Mechanical pulp is very different from the pulp produced in the chemical processes (the sulfite process and the Kraft process). The chemical methods gives paper with higher strength and pulp that can be bleached further than the mechanical pulps. A benefit from the mechanical processes is that they have a high yield, usually between 90 and 98%, which means that nearly all the wood is used. The yield of the Kraft process is only about 50%, which makes the demand of wood twice as high for the same amount of produced pulp

Another benefit of the mechanical pulps is the excellent printing properties, making them very useful in newsprint and magazines. They absorb ink well, have high opacities and low area density. Chemimechanical pulps, made from wood that has been treated with sodium sulfite or sodium hydroxide, can give paper with high stiffness, making them suitable for paper board and as a stiff layer in paper packaging.
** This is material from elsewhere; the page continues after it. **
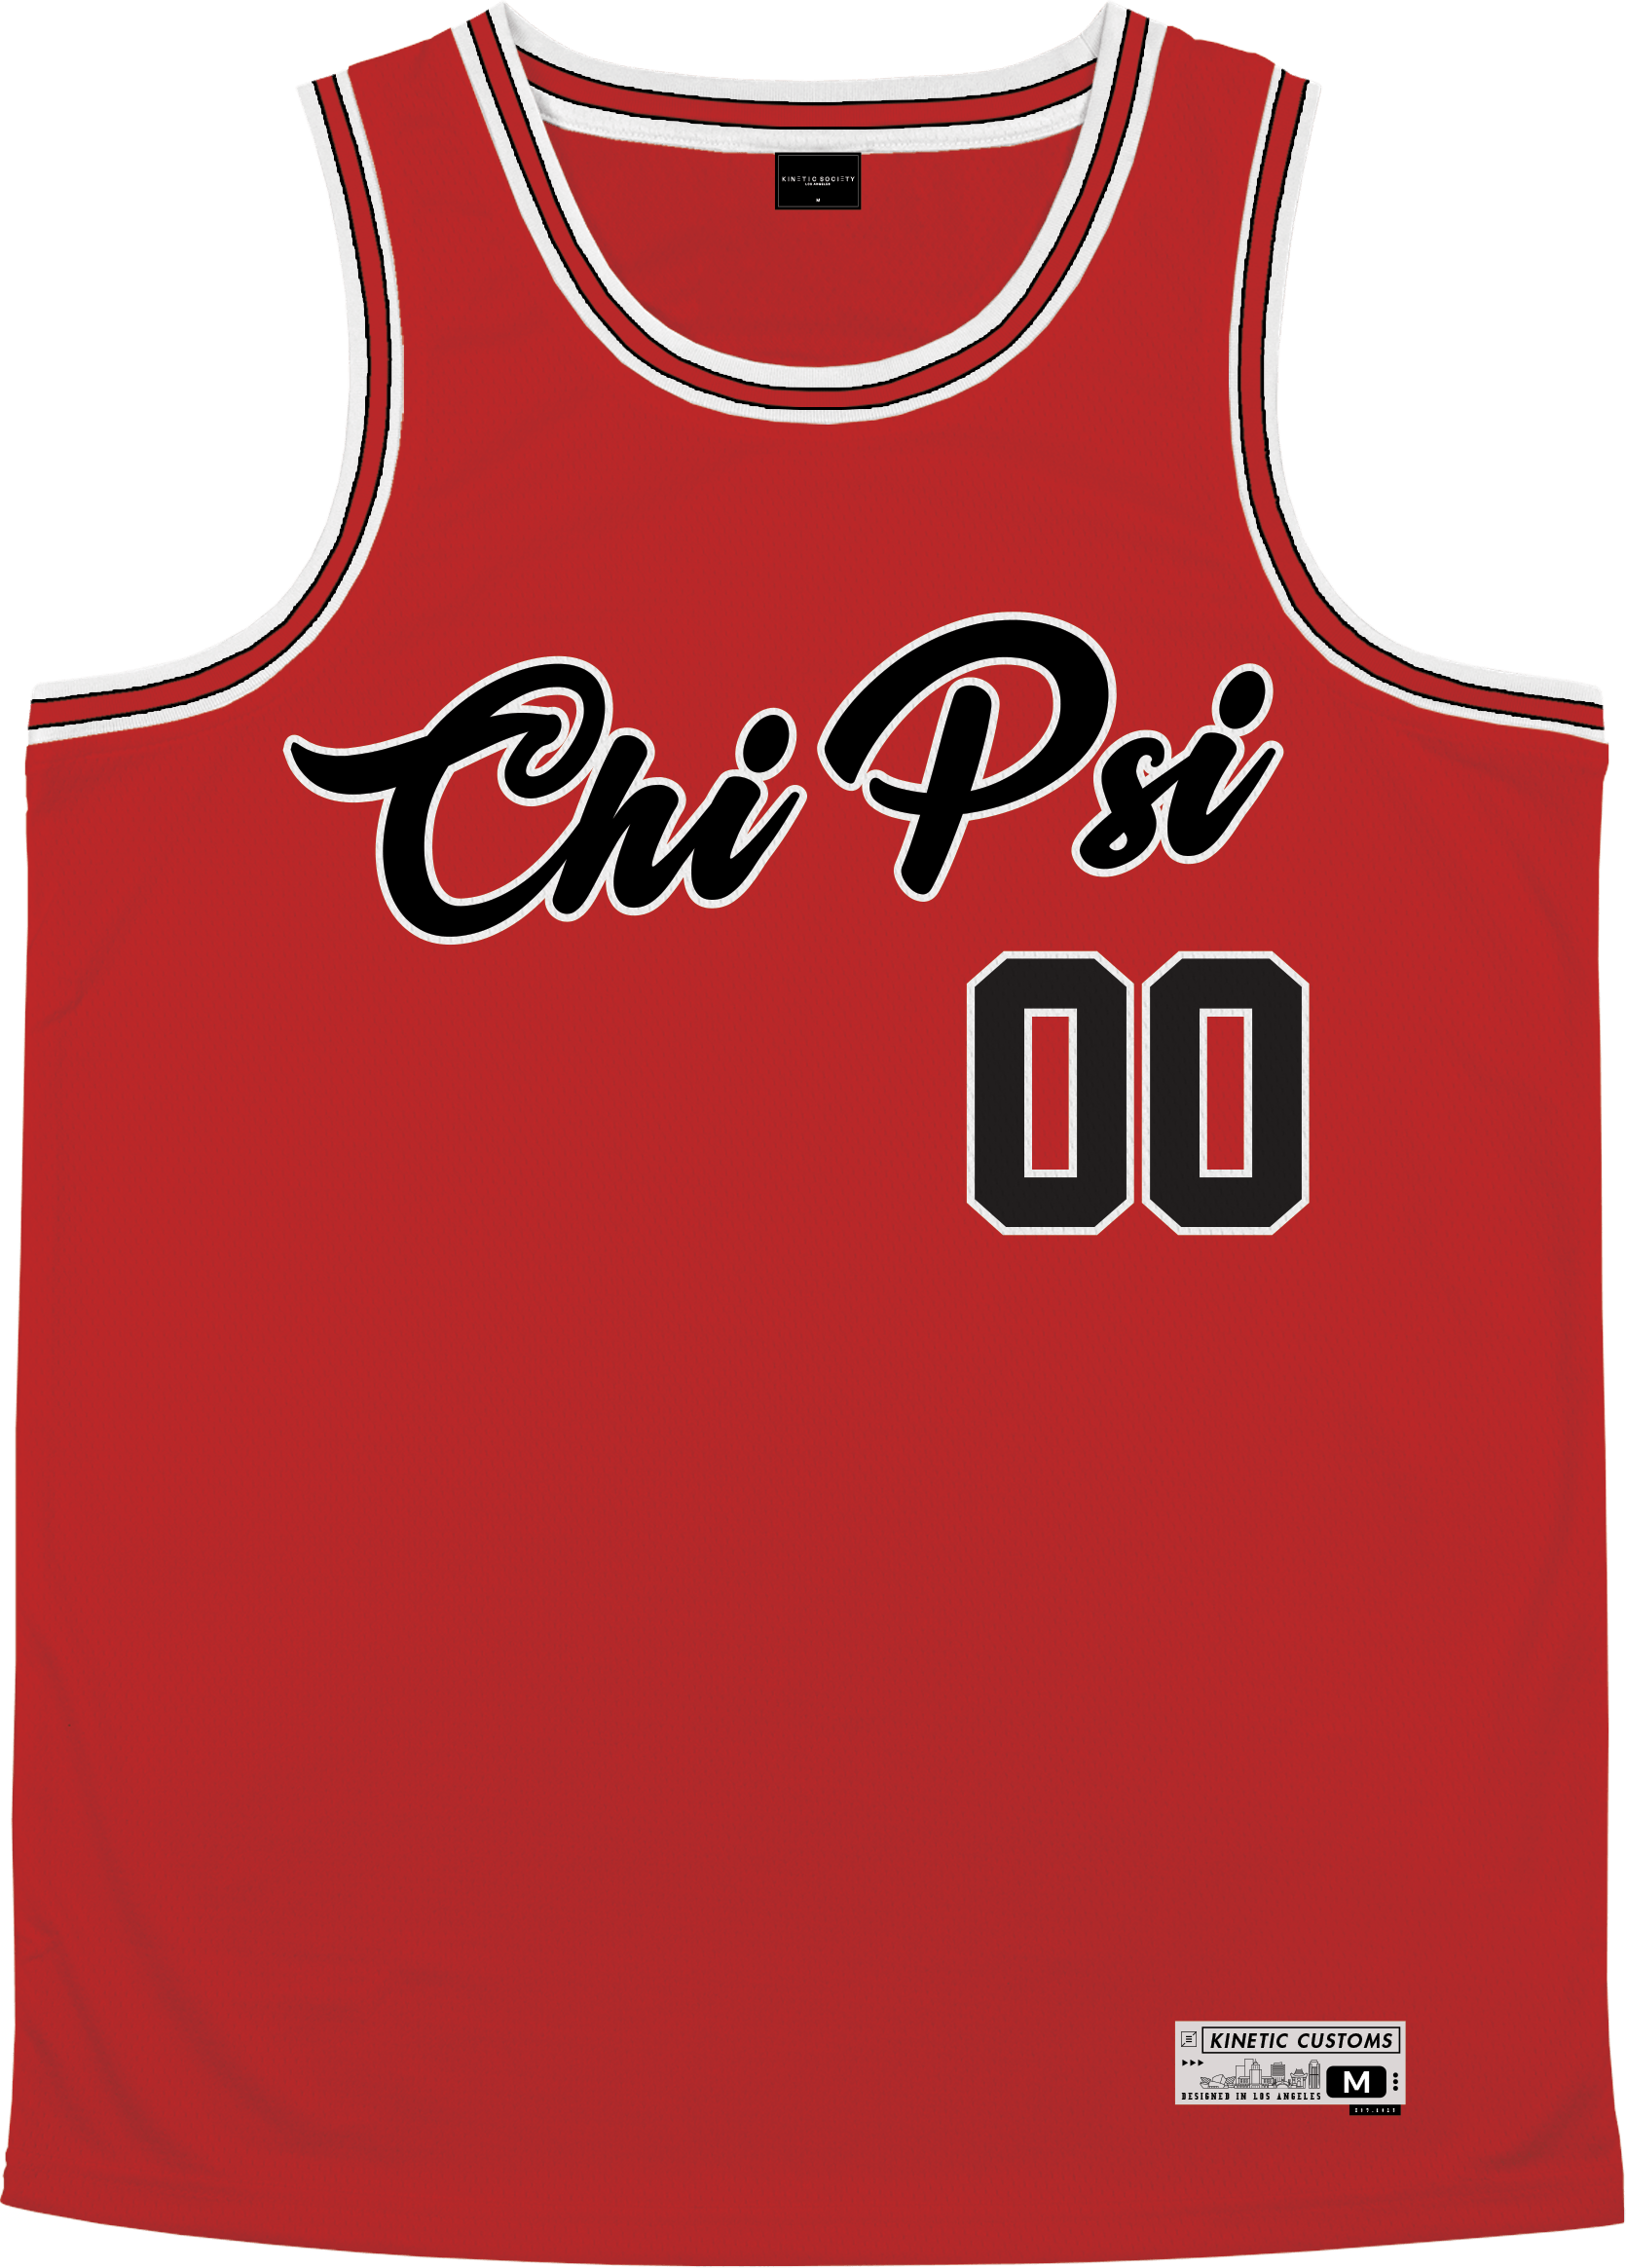 Chi Psi - Big Red Basketball Jersey - Kinetic Society

Mechanical pulping processes have a high yield, which at the same time means that some lignin remains in the paper. Lignin is modified by sunlight, making paper produced from mechanical pulps susceptible to yellowing and becoming brittle. Mechanical pulps can be bleached with hydrogen peroxide or sodium dithionite, but the brightness is only increased slightly and the yellowing cannot be prevented.

Mechanical pulping is primarily used in paper products with relatively short life span, such as newspaper, books or brochures, but also in coated paper grades for magazines and catalogs. It is also used as the middle layer in cardboard because of its stiffness. These products are used to a high degree, which makes mechanical pulps common in recycled paper and as recycled fibers for paper production. The recycled fibers are mostly used in simpler cardboard, newspaper and tissue paper.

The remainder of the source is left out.